HOW TO COMPLETE THIS TASK –
Starting with the line that has "historische Kirche Sightseeing" in the records below and stopping after the line that has "Ariel View of Villa Tuori in Tuscany", output every line exactly and nothing else; skip pictures.

THE DATA –
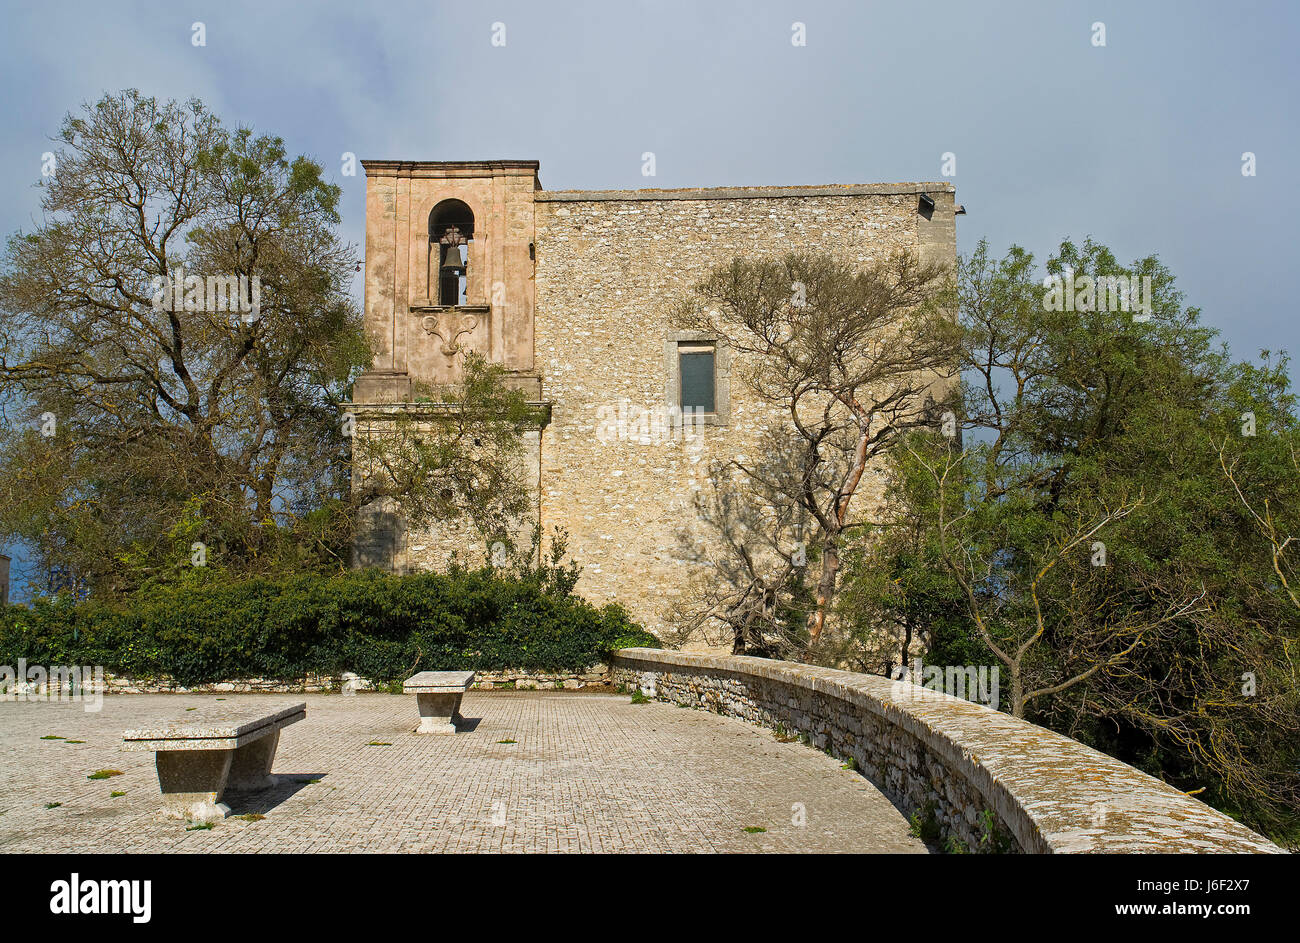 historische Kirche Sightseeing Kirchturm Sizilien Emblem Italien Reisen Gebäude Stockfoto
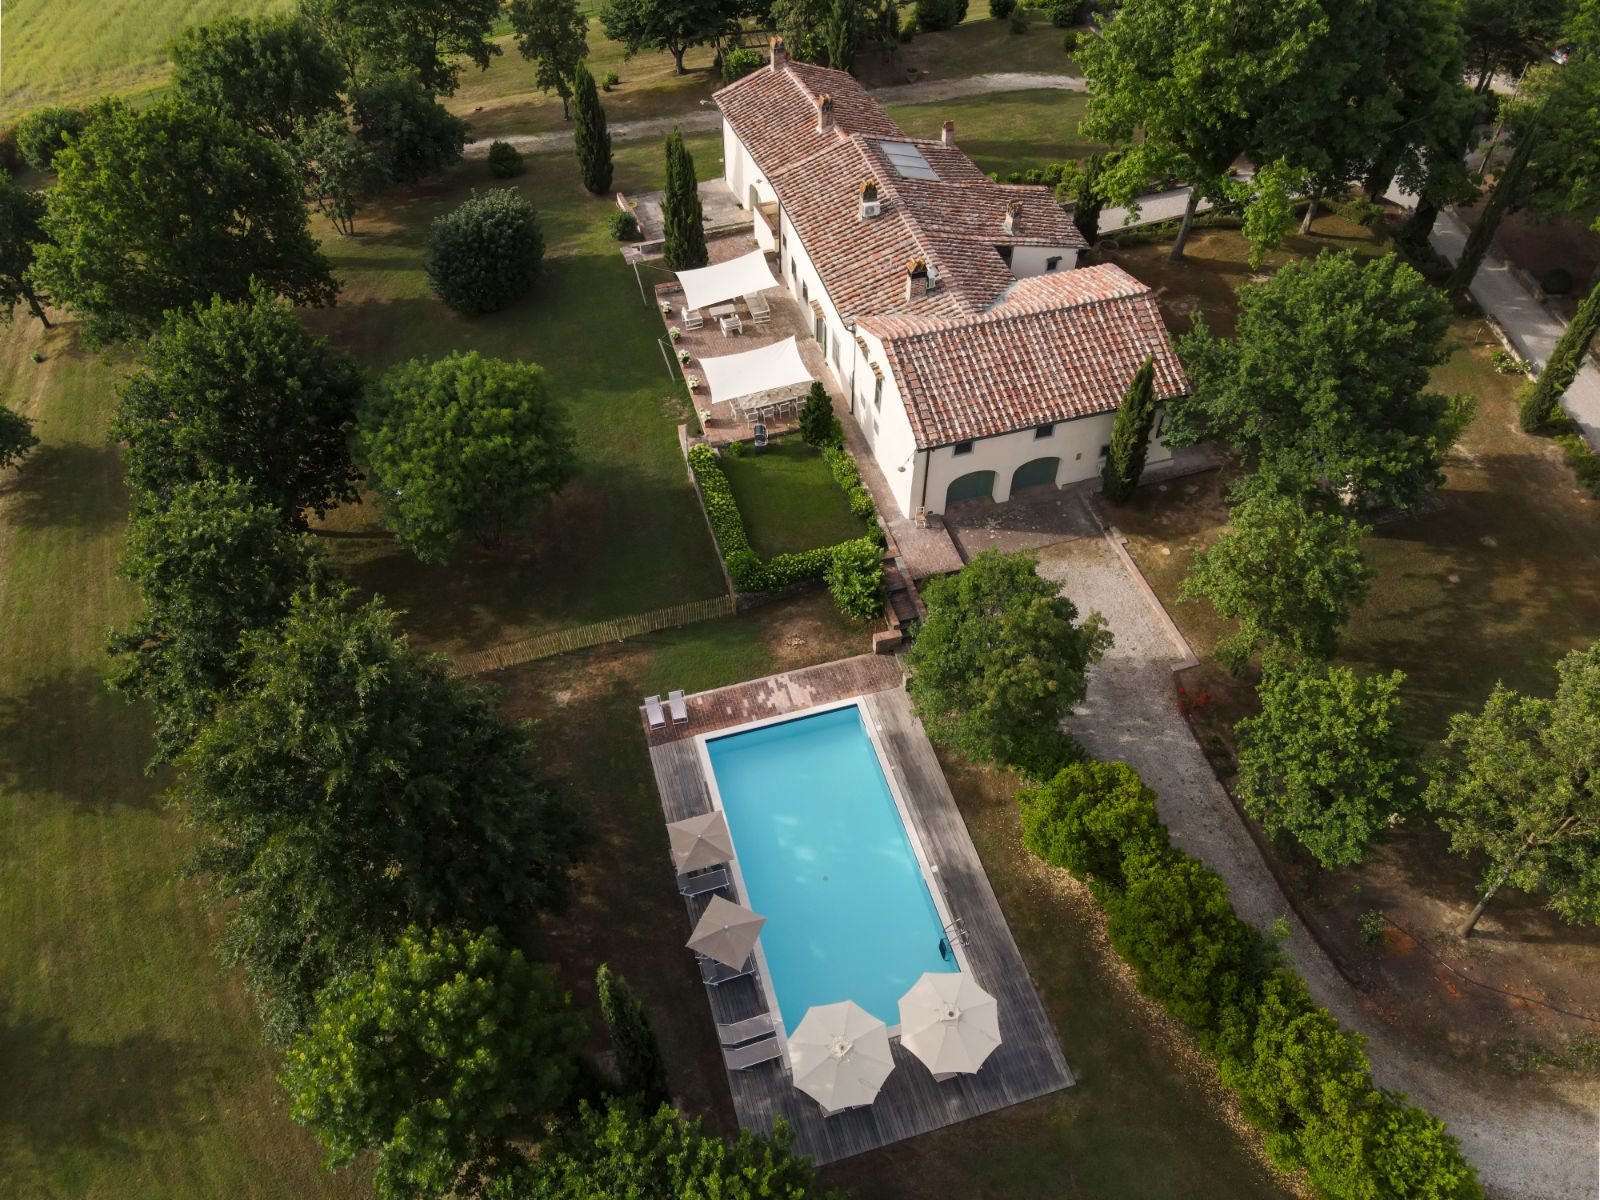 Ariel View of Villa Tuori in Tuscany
--
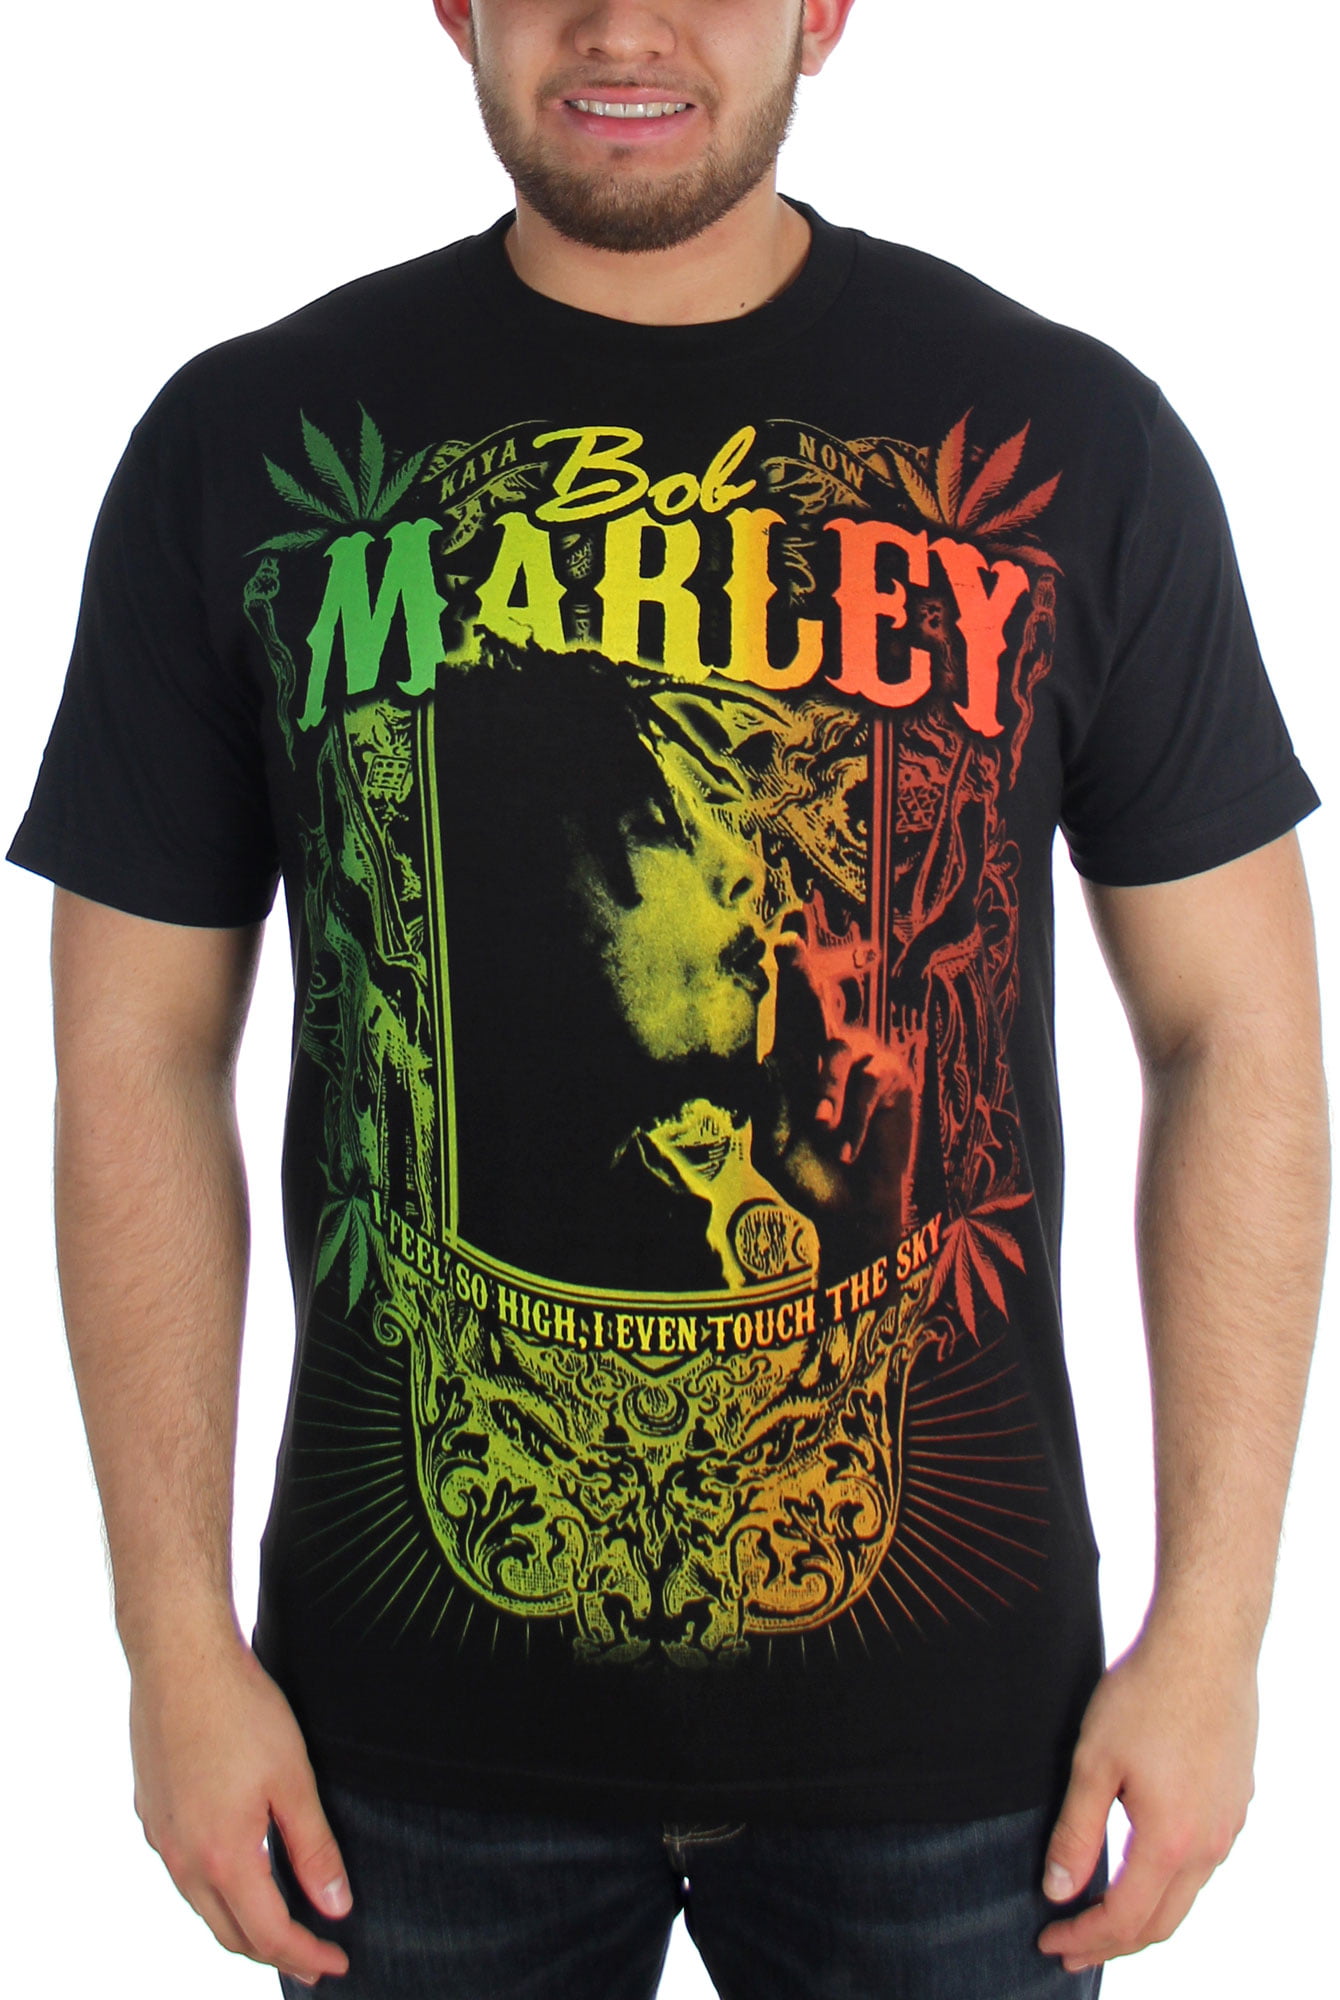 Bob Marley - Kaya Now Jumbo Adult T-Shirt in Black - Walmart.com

SOLUTION FOR THIS TASK –
 historische Kirche Sightseeing Kirchturm Sizilien Emblem Italien Reisen Gebäude Stockfoto
 Ariel View of Villa Tuori in Tuscany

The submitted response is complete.